7. Melihat ke bawah dalam hal dunia
Dalam urusan dunia hendaknya kita melihat kepada orang yang lebih rendah, jangan melihat kepada orang yang lebih tinggi, sebagaimana sabda Rasulullah, “Lihatlah kepada orang yang lebih rendah dari kamu dan janganlah melihat kepada orang yang lebih tinggi darimu. Yang demikian itu lebih layak agar kalian tidak meremehkan nikmat Allah” (HR. Bukhari dan Muslim)
Jika saat ini anda sedang sakit maka yakinlah bahwa selain anda ada lagi lebih parah sakitnya. Jika anda merasa fakir maka tentu di sana masih ada orang lain yang lebih fakir lagi, dan seterusnya.
8. Membaca kehidupan para shahabat dan orang-orang terdahulu
Yakni melihat bagaimana keadaan mereka dalam menyikapi dunia, bagaimana kezuhudan mereka, qana’ah mereka terhadap yang mereka peroleh meskipun hanya sedikit. Di antara mereka ada yang memperoleh harta yang melimpah, namun mereka justru memberikannya kepada yang lain dan yang lebih membutuhkan.
9. Menyadari betapa beratnya pertanggungjawaban harta
Bahwa harta akan mengakibatkan keburukan dan bencana bagi pemiliknya jika dia tidak mendapatkannya dengan cara yang baik serta tidak membelanjakannya dalam hal yang baik pula.
Ketika seorang hamba ditanya tentang umur, badan, dan ilmunya maka hanya ditanya dengan satu pertanyaan yakni untuk apa, namun tentang harta maka dia dihisab 2 kali, yakni dari mana dia mendapatkannya dan kemana dia membelanjakannya. Hal ini menunjukan beratnya orang yang diberi amanat harta yang banyak sehingga dia harus dihisab lebih lama dibandingkan orang yang lebih sedikit hartanya.

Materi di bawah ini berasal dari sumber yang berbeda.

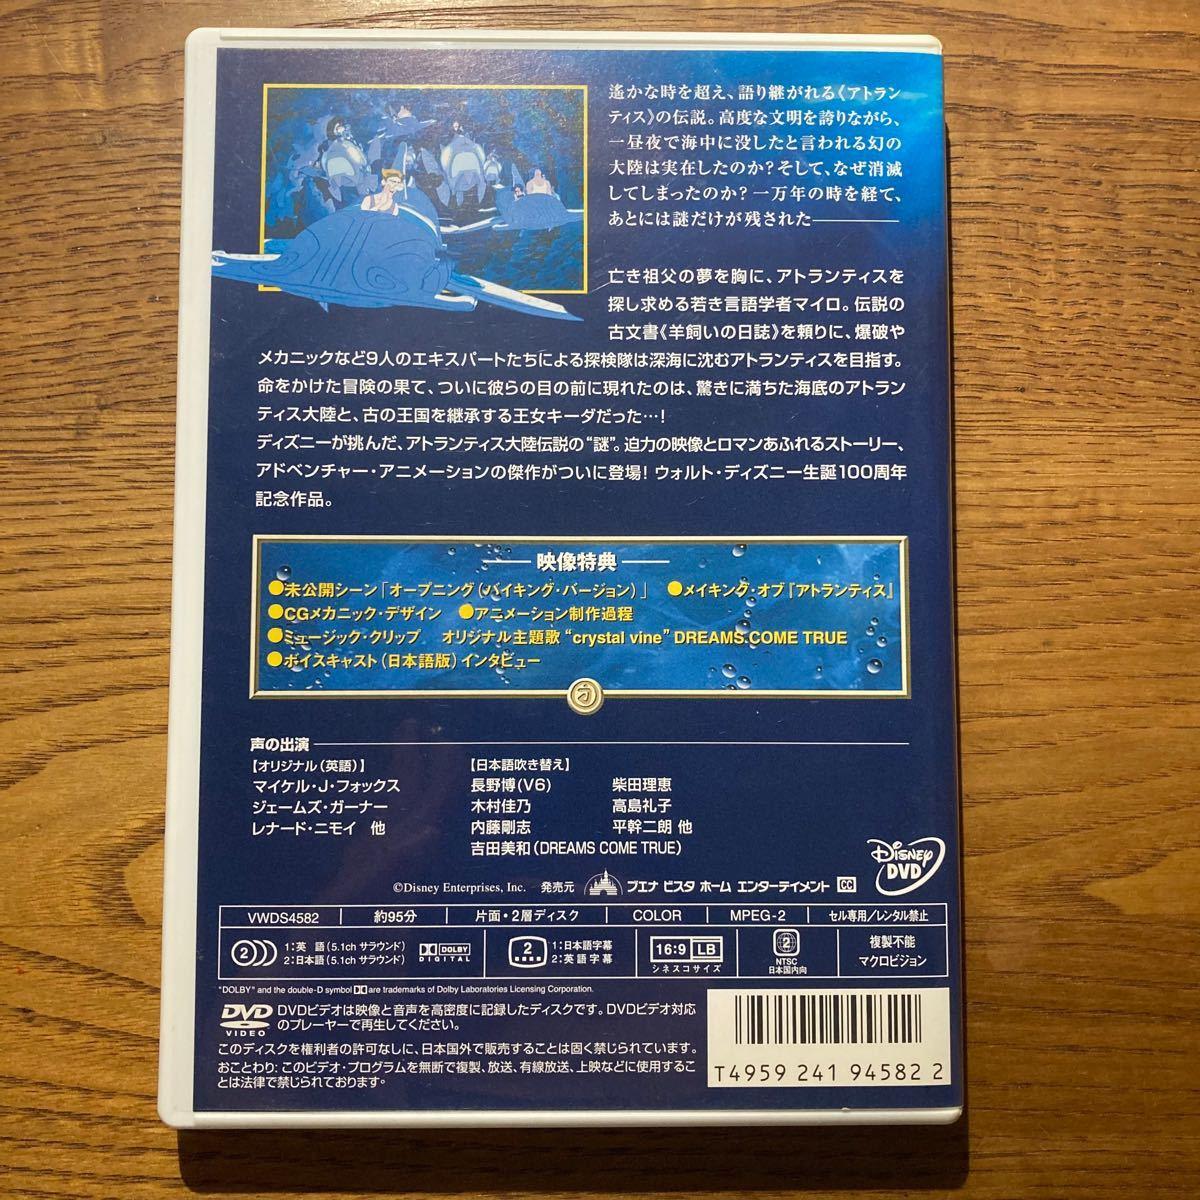 【ディズニー名作】アトランティス 失われた帝国 DVD

10. Melihat realita bahwa orang fakir dan orang kaya tidak jauh berbeda
Karena seorang yang kaya tidak mungkin memanfaatkan seluruh kekayaannya dalam satu waktu sekaligus. Kita perhatikan orang yang paling kaya di dunia ini, dia tidak makan kecuali sebanyak yang dimakan orang fakir, bahkan mungkin lebih banyak yang dimakan oleh orang fakir. Tidak mungkin si kaya makan lebih dari 50 piring bukan…meskipun dia mampu untuk membeli dengan hartanya. Andaikan si kaya memiliki seratus potong baju maka si kaya hanya memakai sepotong saja bukan…sama yang dipakai oleh orang fakir, dan harta selebihnya yang tidak ia manfaatkan maka itu relative (nisbi).
Sungguh indah apa yang diucapkan Abu Darda Radiyallahu anhu “Para pemilik harta makan dan kami juga makan, mereka minum dan kami juga minum, mereka berpakaian dan kami juga berpakaian, mereka naik kendaraan dan kamipun naik kendaraan. Mereka memiliki kelebihan harta yang mereka lihat dan dilihat juga oleh selain mereka, lalu mereka menemui hisab atas harta itu sedangkan kita terbebas darinya.”